Bill emphasized that alcoholism was a sickness of mind, emotions and body. This fact he had learned from Dr. William D. Silkworth of Towns Hospital in New York, where Bill had often been a patient. Though a physician, Dr. Bob did not know that alcoholism was a disease. Responding to Bill’s convincing ideas, he soon got sober, never to drink again. The founding spark of A.A. had begun. “Alcoholics Anonymous is an international fellowship of men and women who have had a drinking problem. It is nonprofessional, self-supporting, multiracial, apolitical, and available almost everywhere. There are no age or education requirements. Membership is open to anyone who wants to do something about his or her drinking problem.”

You can attend as many times as you want to, and the only stipulation is what is said there stays there. I went to a AA meeting March 6, 2019 in Lancaster two other girls were there from class otherwise I didn’t know anyone else. I wasn’t really sure what to expect from this meeting as I hadn’t been to one since I was in high school. I purposely went to one in a town I did not know really anyone so I wouldn’t run into anyone I knew. I went a bit early so I could talk with the greeter of the group for a little bit before the meeting began. The gentleman told me about the history of the group there and that he had been running it for many years (I forget how many now as I am writing this). He said normally they would rotate between people but being in a smaller community there are not too many people willing to take over in the position. He also talked about the closed group that meeting for drug addicts more specifically. He said for the most part its been the same people the last few years, but he does notice a few younger faces starting to come in here and there, some court ordered, but most are on their own free will. The meeting started off with someone reading from “The Big Book” and going through all of their rules. I’m not sure when it was established but I quickly caught on that their theme for the night from the reading was fear.

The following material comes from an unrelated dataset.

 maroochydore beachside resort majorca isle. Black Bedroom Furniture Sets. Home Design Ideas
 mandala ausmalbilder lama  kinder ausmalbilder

The other younger gentleman talked about how he currently lives in a known drug house and how there are people constantly using in front of him and how difficult it is to stay sober. He talked about how it’s not a day to day thing for him, that it is a literal second to second thing for him. He counts down the minutes, sometimes even seconds until he can get to another meeting because his sobriety is that important to him. He feels he is a ticking time bomb because of the environment he lives in. His story and way of talking is the one that still stands out the most to me. I could physically feel the struggle he was having with himself just while being there, I’m going to be honest here, when he walked in and sat down, I felt he was high as a kite right then and there. He then began to talk about the way he was twitching and jittery and constantly moving, all the same movements I judged him for, as being the movements that are driving him crazy. He is literally itching out of his skin to go use and is doing everything he possibly can to not use. The atmosphere and demeanor of this group of people was absolutely amazing and so encouraging to see these people supporting each other in their struggles as much as they were.